What you will do – Your copy starts at the line containing "Bees Stainless Steel Water Bottle" and ends at the last line of the material below. Reproduce those lines exactly, with no pictures.

Data block –

##############################

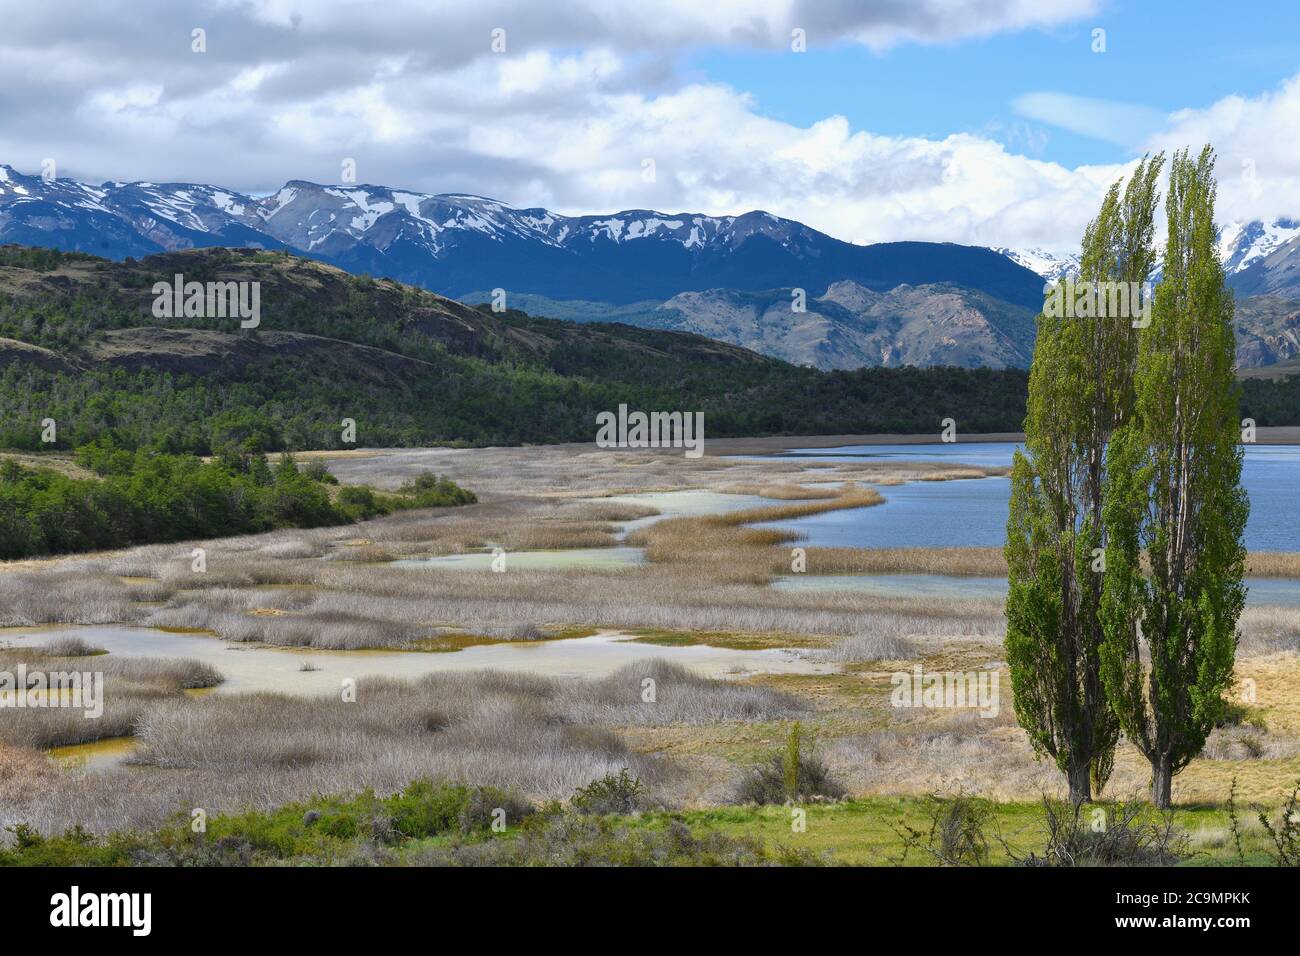 Poplar trees in front of the Andes, Patagonia National Park, Chacabuco valley near Cochrane, Aysen Region, Patagonia, Chile Stock Photo
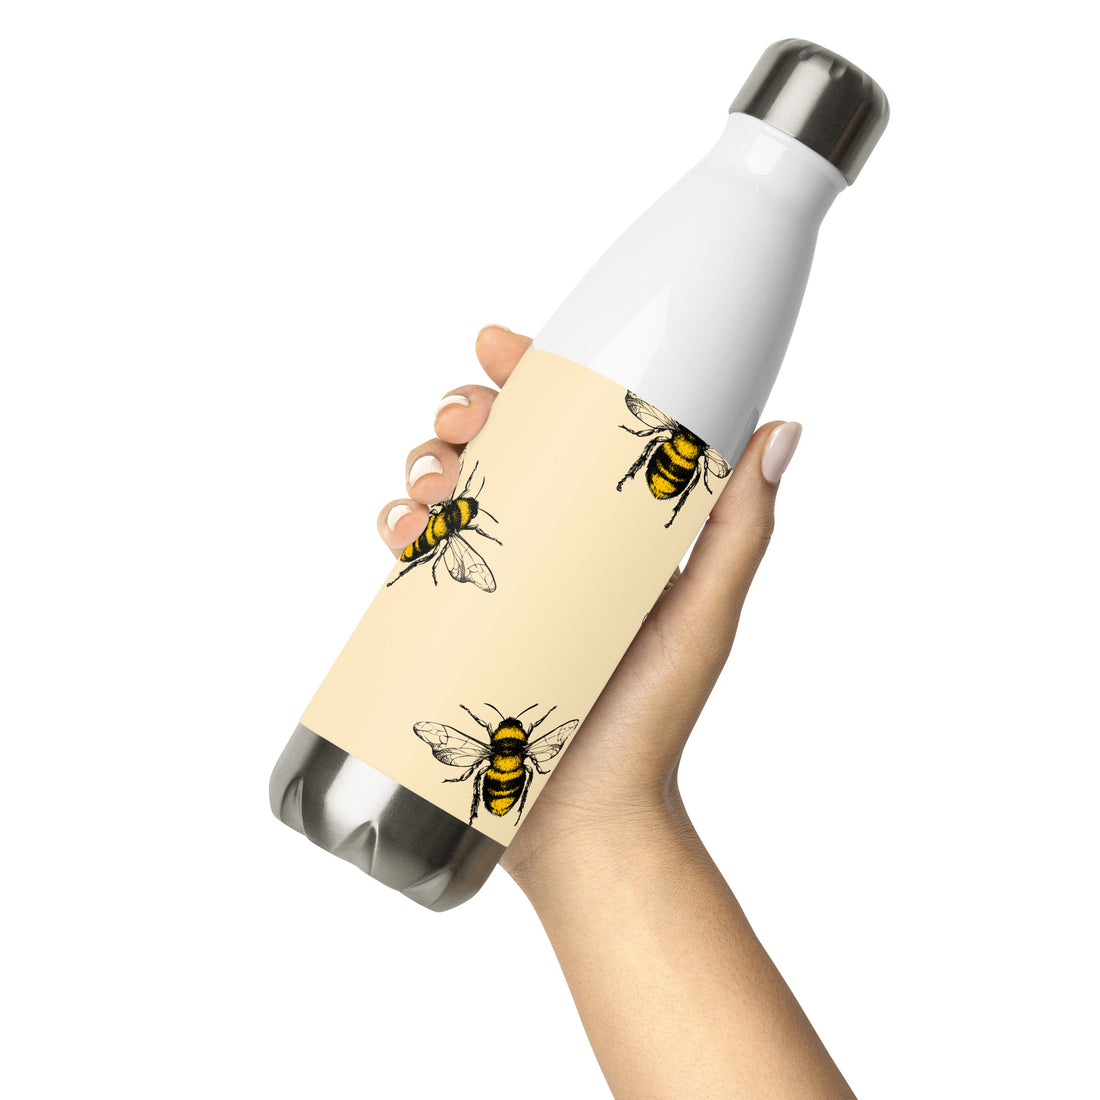 Bees Stainless Steel Water Bottle
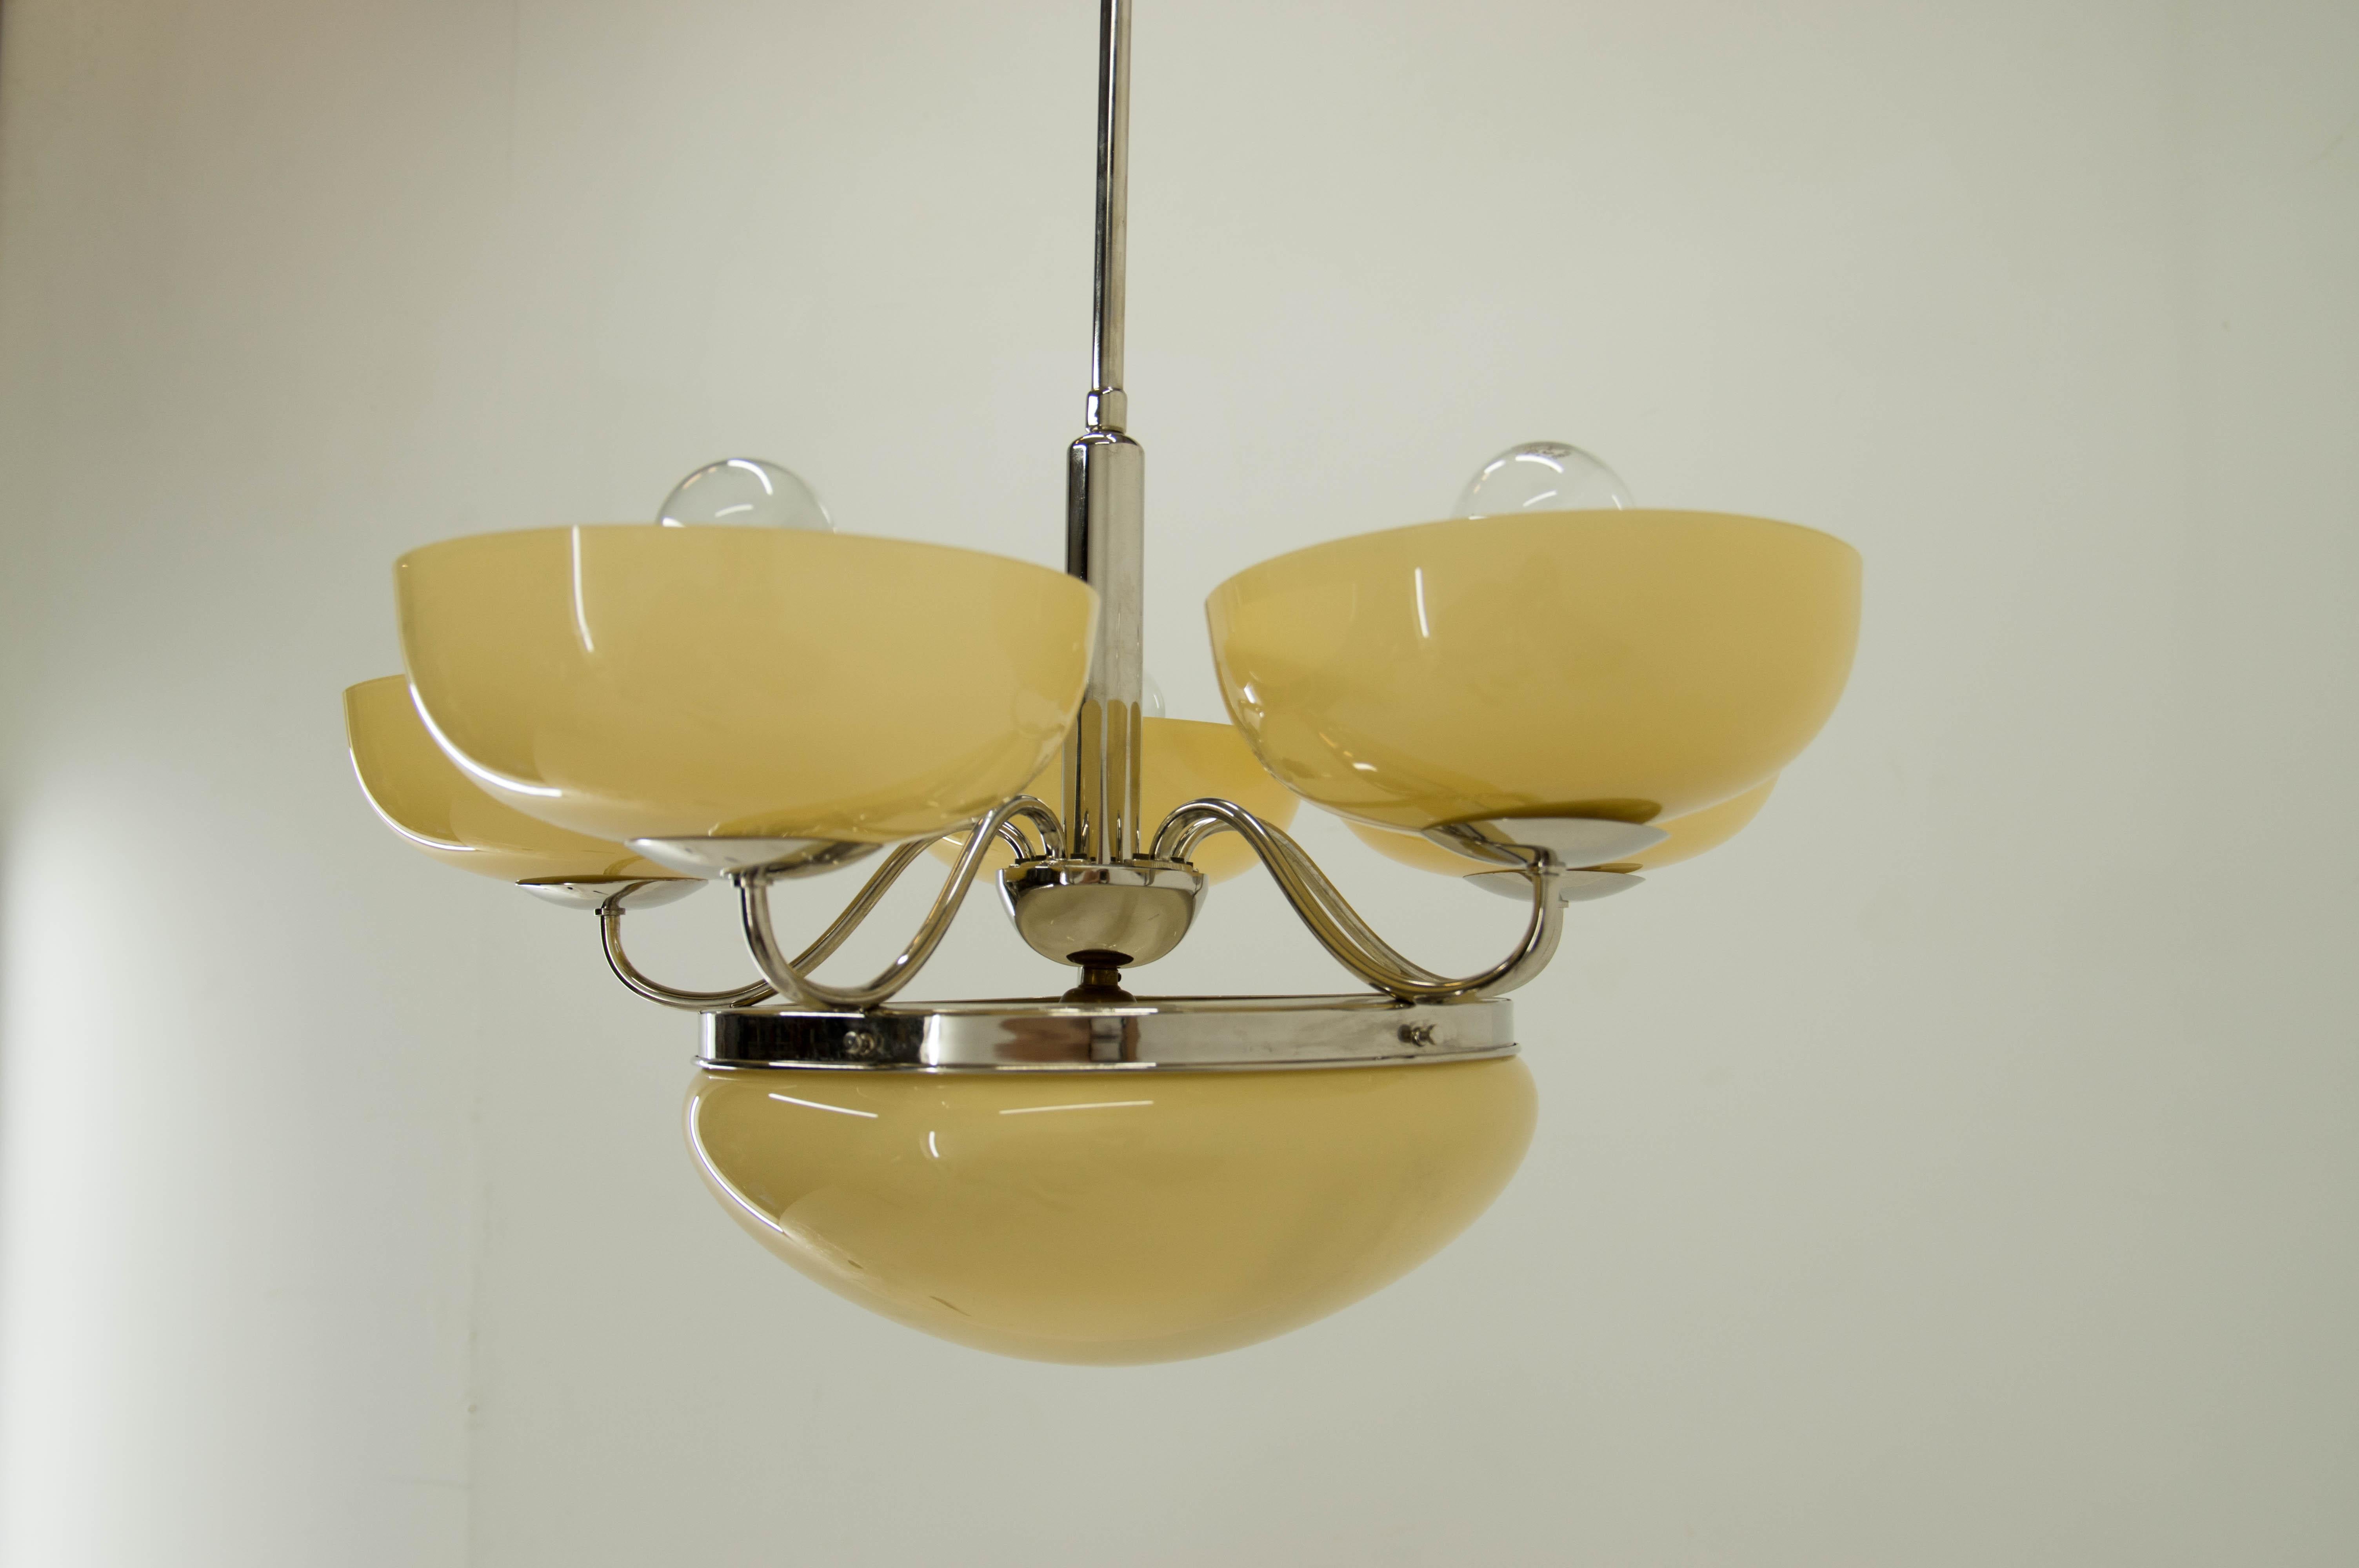 Large Art Deco Chandelier in Excellent Condition, 1930s For Sale 3

##############################

Output for this exercise –
 Bees Stainless Steel Water Bottle
 Large Art Deco Chandelier in Excellent Condition, 1930s For Sale 3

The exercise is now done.